Comparative mitogenomics have revealed a highly conserved gene order among distinct Platyhelminthes with the exception of some Schistosoma species [25, 30–33]. The mitochondrial genome of the Asian schistosomes, S. japonicum and S. mekongi, displays the same gene order as other Digenea and Cestoda [25, 32].
In contrast, the gene order in the mitochondrial genome of S. haematobium, S. mansoni, and S. spindale is strikingly different from other taxa [25, 30]. The unique gene order rearrangements identified in these species constitute valuable information to the reconstruction of the phylogenetic relationships of Schistosoma and other Platyhelminthes (Section 3.1).

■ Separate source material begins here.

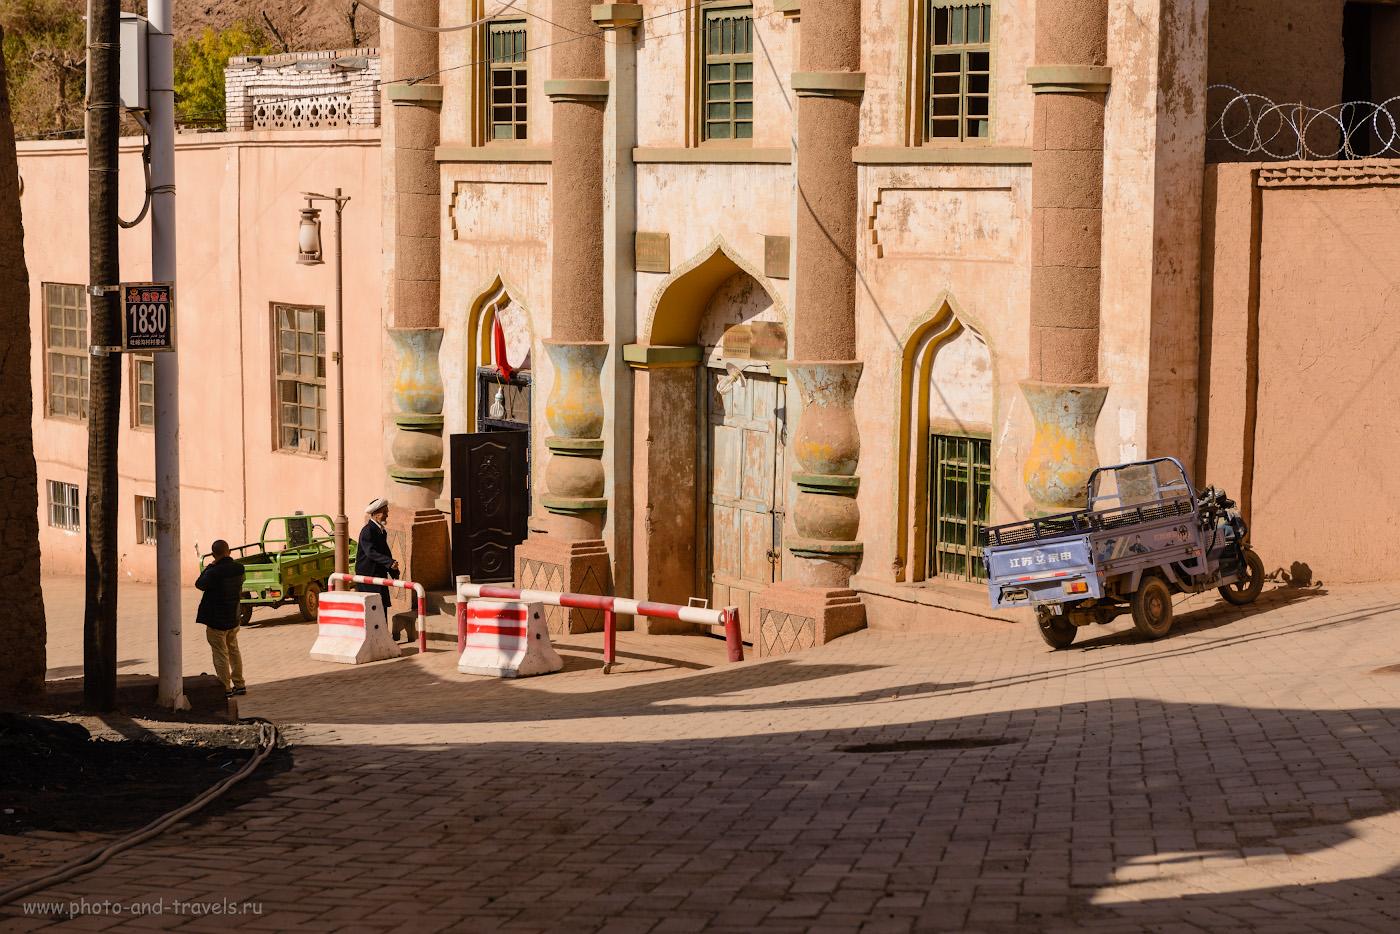 Фото 4. Имам у входа в мечеть в кишлаке Туюк-мазар. Самостоятельное путешествие по северо-западу Китая. 1/500, 8.0, 100, 70.

3. Evolutionary Genomics and Biodiversity
3.1. Evolutionary Genomics of Schistosoma
The use of genomic data is valuable to the understanding of the evolutionary history of Schistosoma especially due to the absence of fossil records. Molecular markers have been used to test hypotheses in a variety of Schistosoma phylogenetic, phylogeographic and epidemiological studies [4, 25, 34–36]. Traditionally, these markers include the nuclear ribosomal RNA genes (18S, 5.8S, and 28S) and the internally transcribed spacer (ITS) region besides a number of mitochondrial genes (cob, cox1–3, nad1–6, etc.).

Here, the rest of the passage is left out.